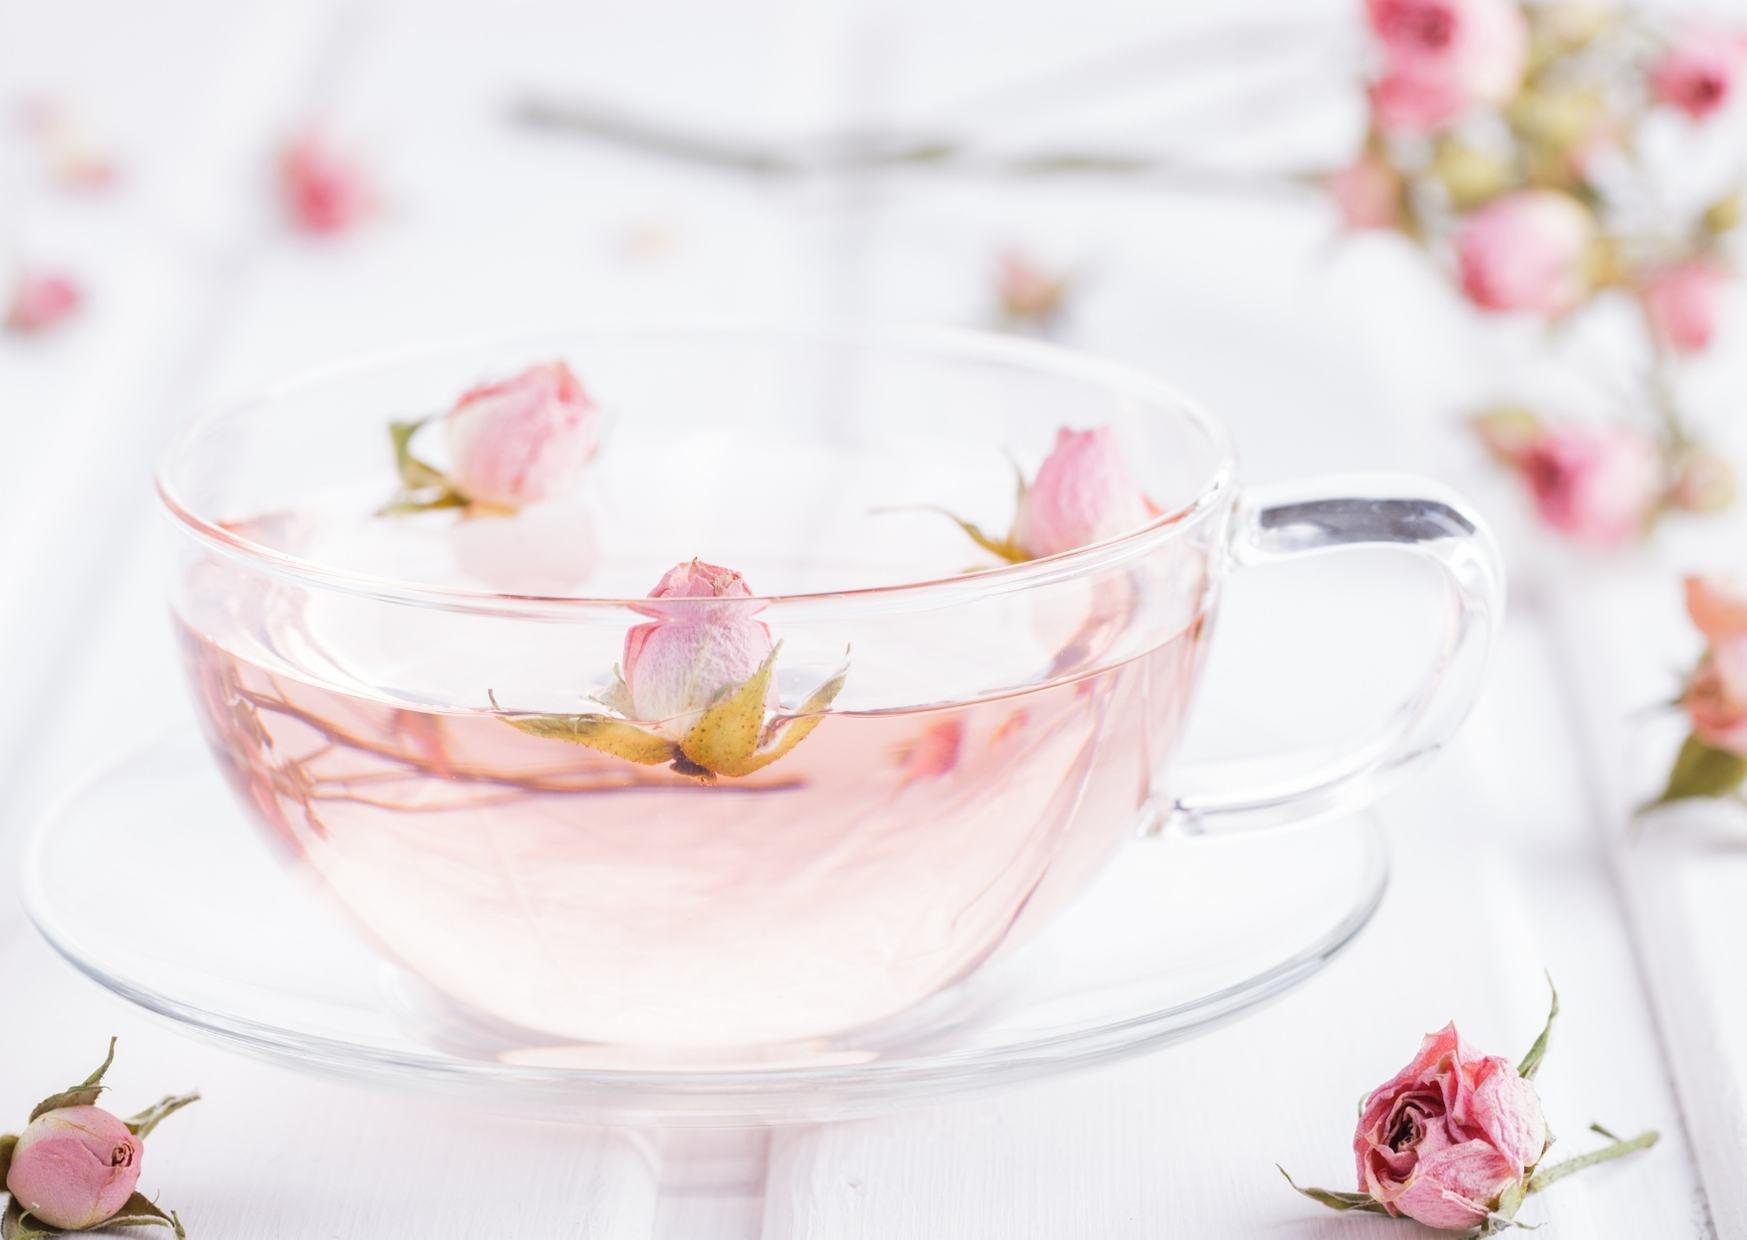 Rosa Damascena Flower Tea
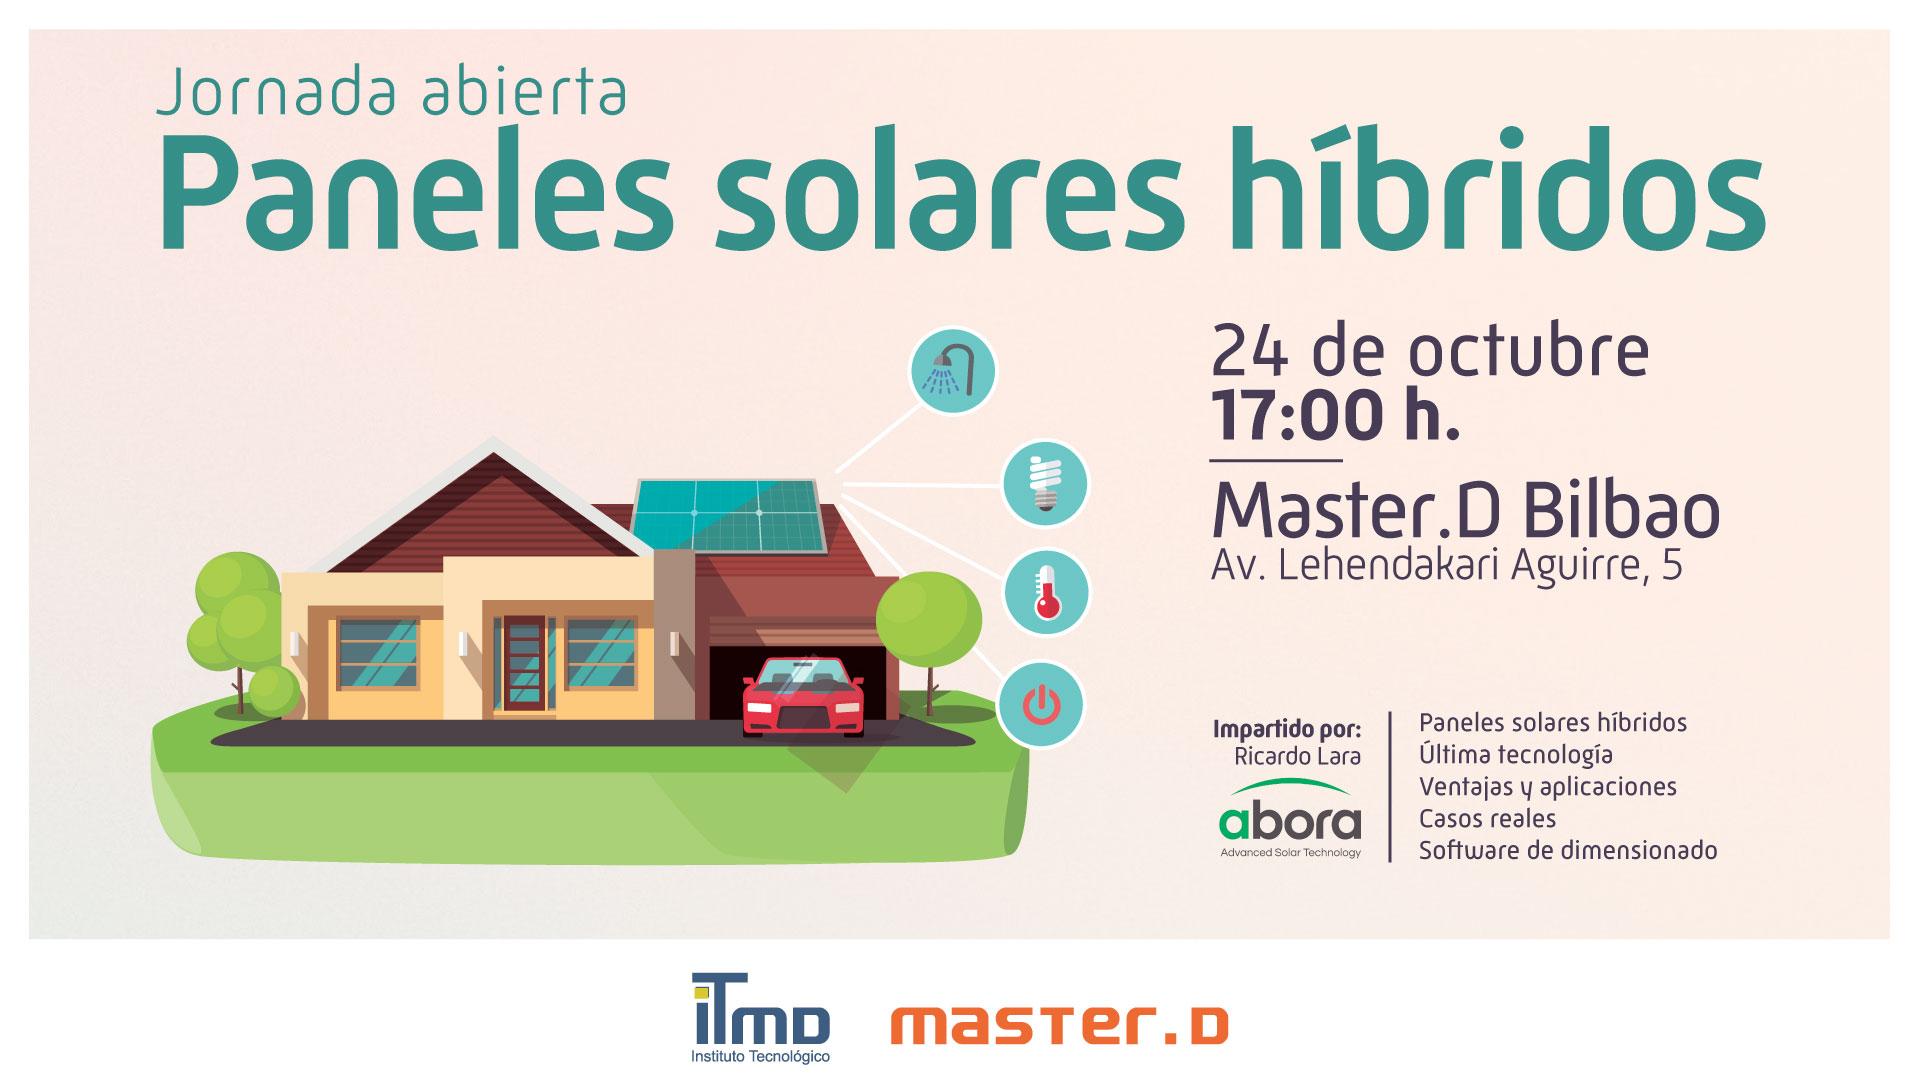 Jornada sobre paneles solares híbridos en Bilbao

==

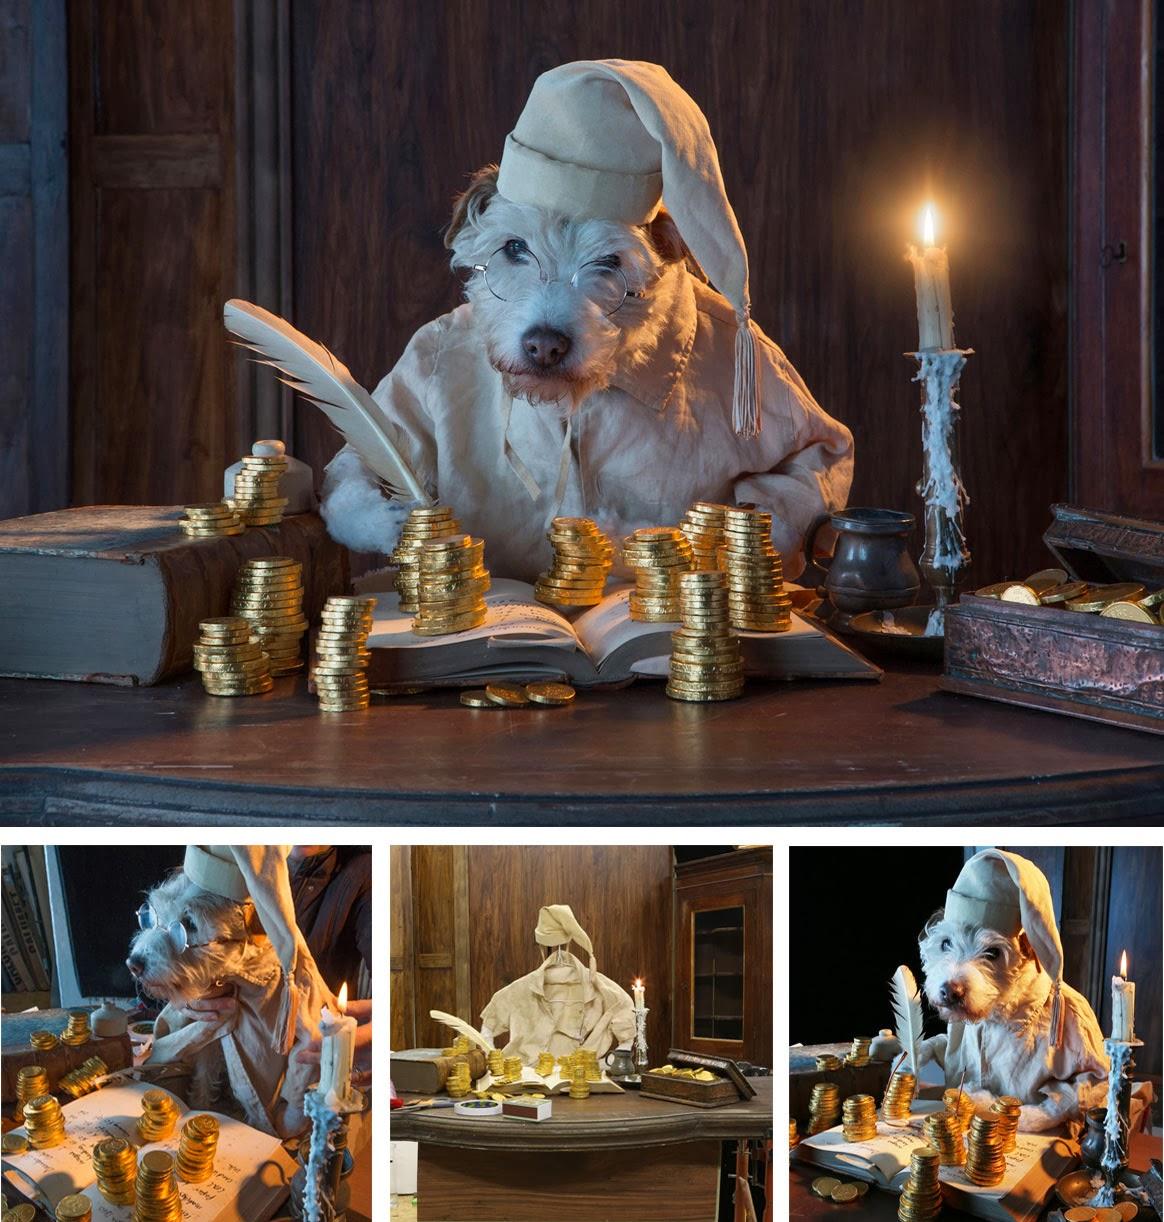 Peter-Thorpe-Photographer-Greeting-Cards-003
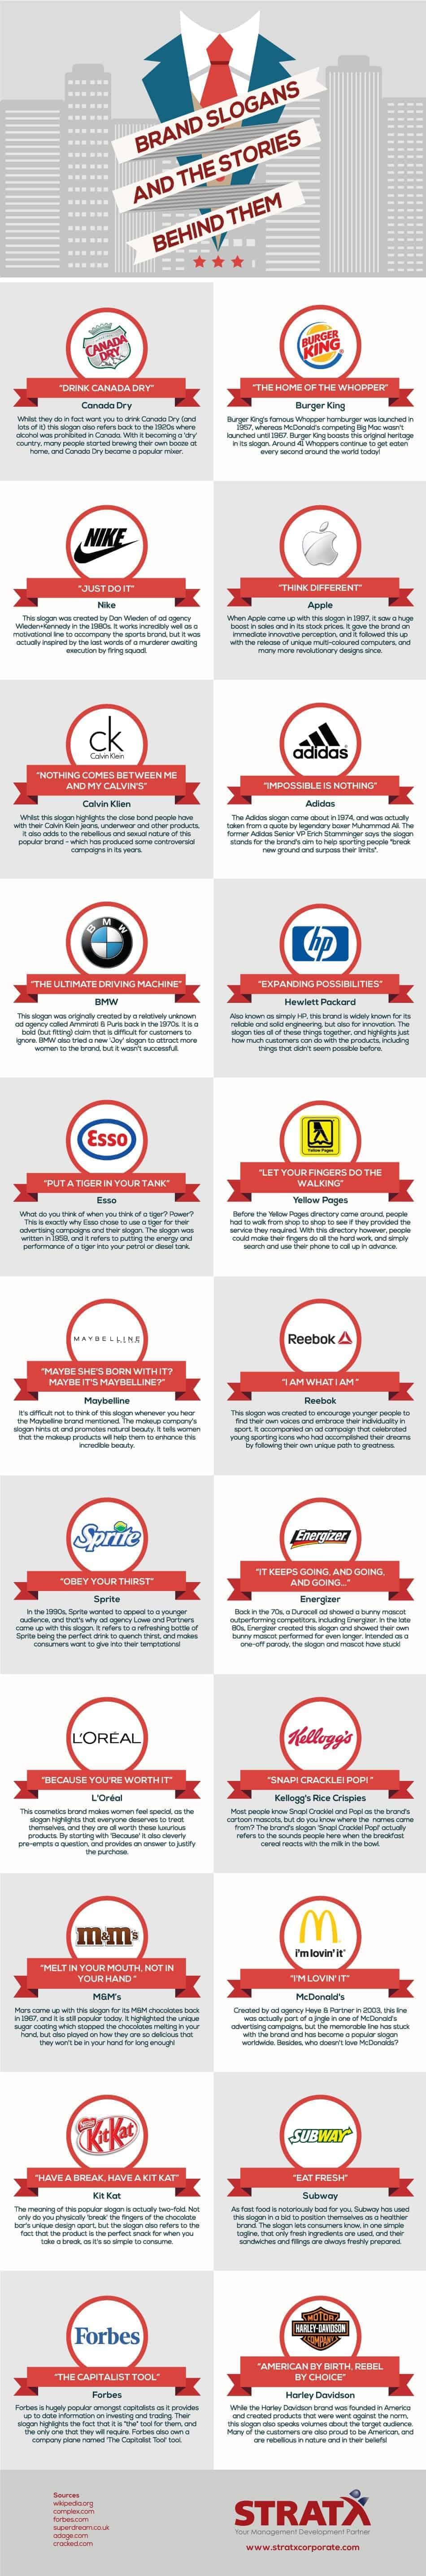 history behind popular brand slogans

==

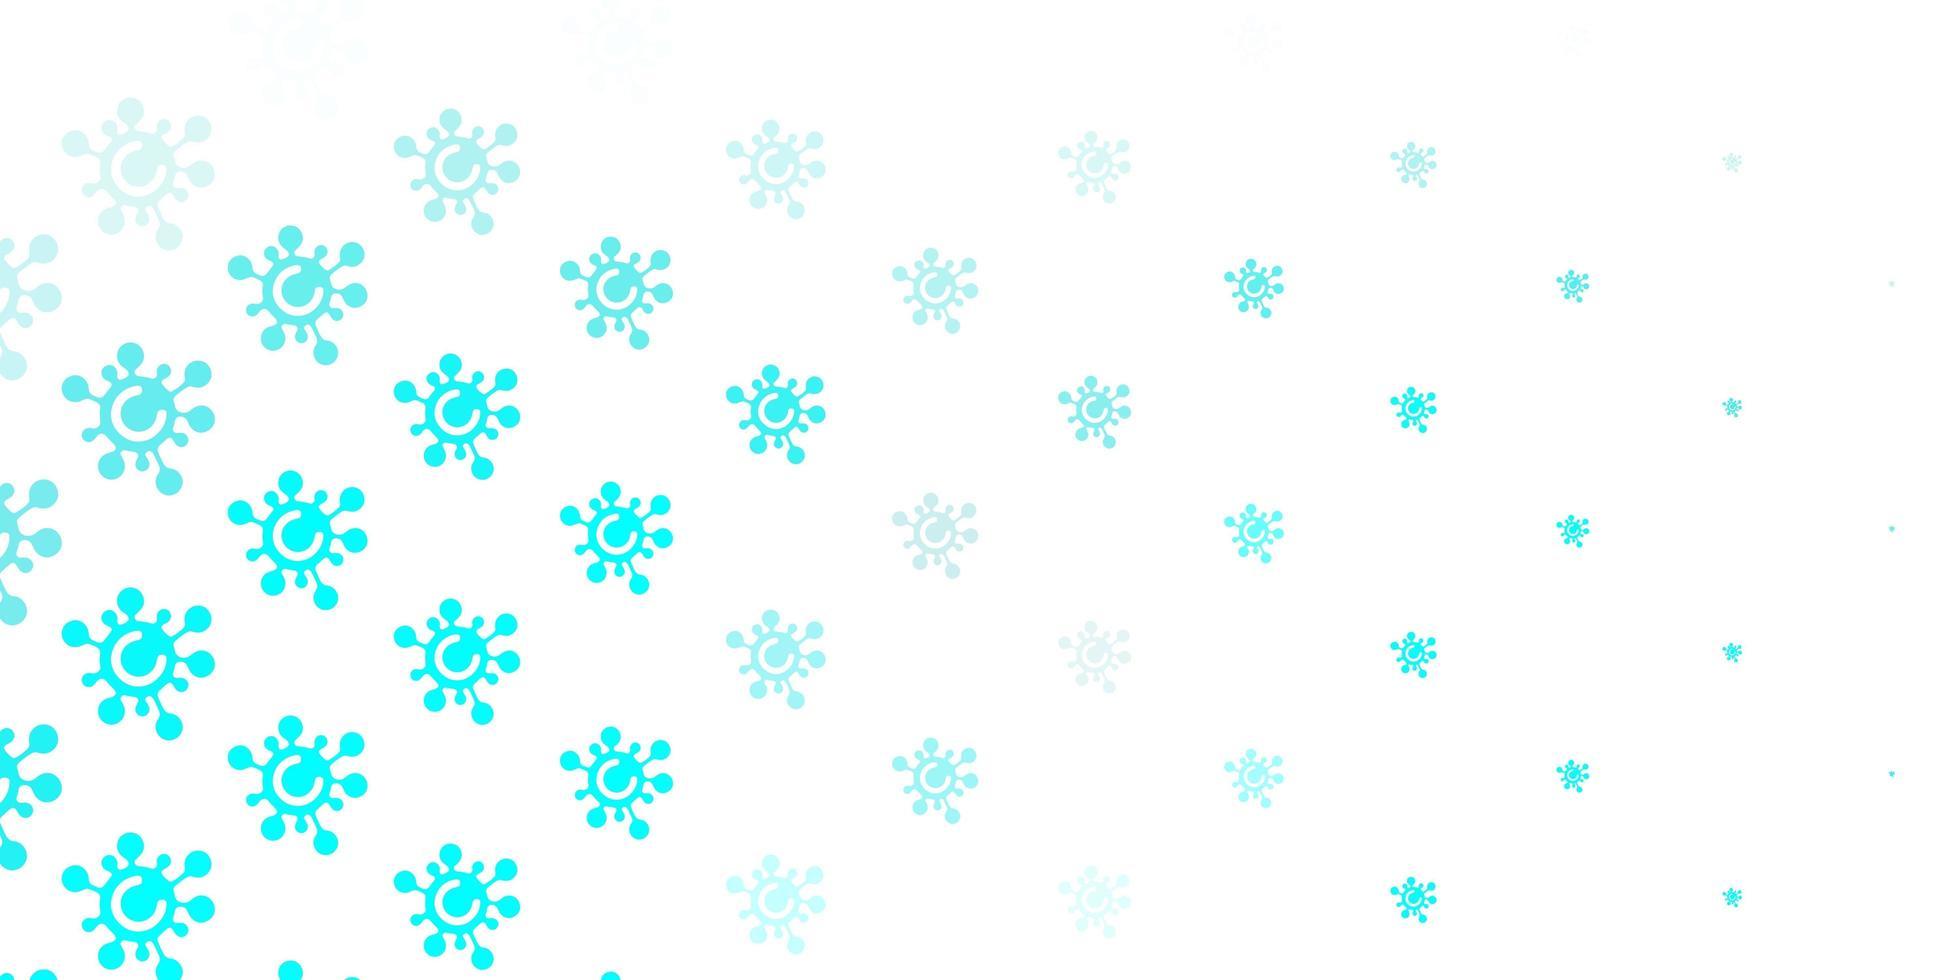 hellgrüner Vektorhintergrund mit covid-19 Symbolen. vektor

**TASK DIRECTIONS**
Your output should be the lines above from the one that contains "Peter-Thorpe-Photographer-Greeting-Cards-003" through the one that contains "history behind popular brand slogans", word for word, with pictures left out.

**SOLVED EXERCISE**
 Peter-Thorpe-Photographer-Greeting-Cards-003
 history behind popular brand slogans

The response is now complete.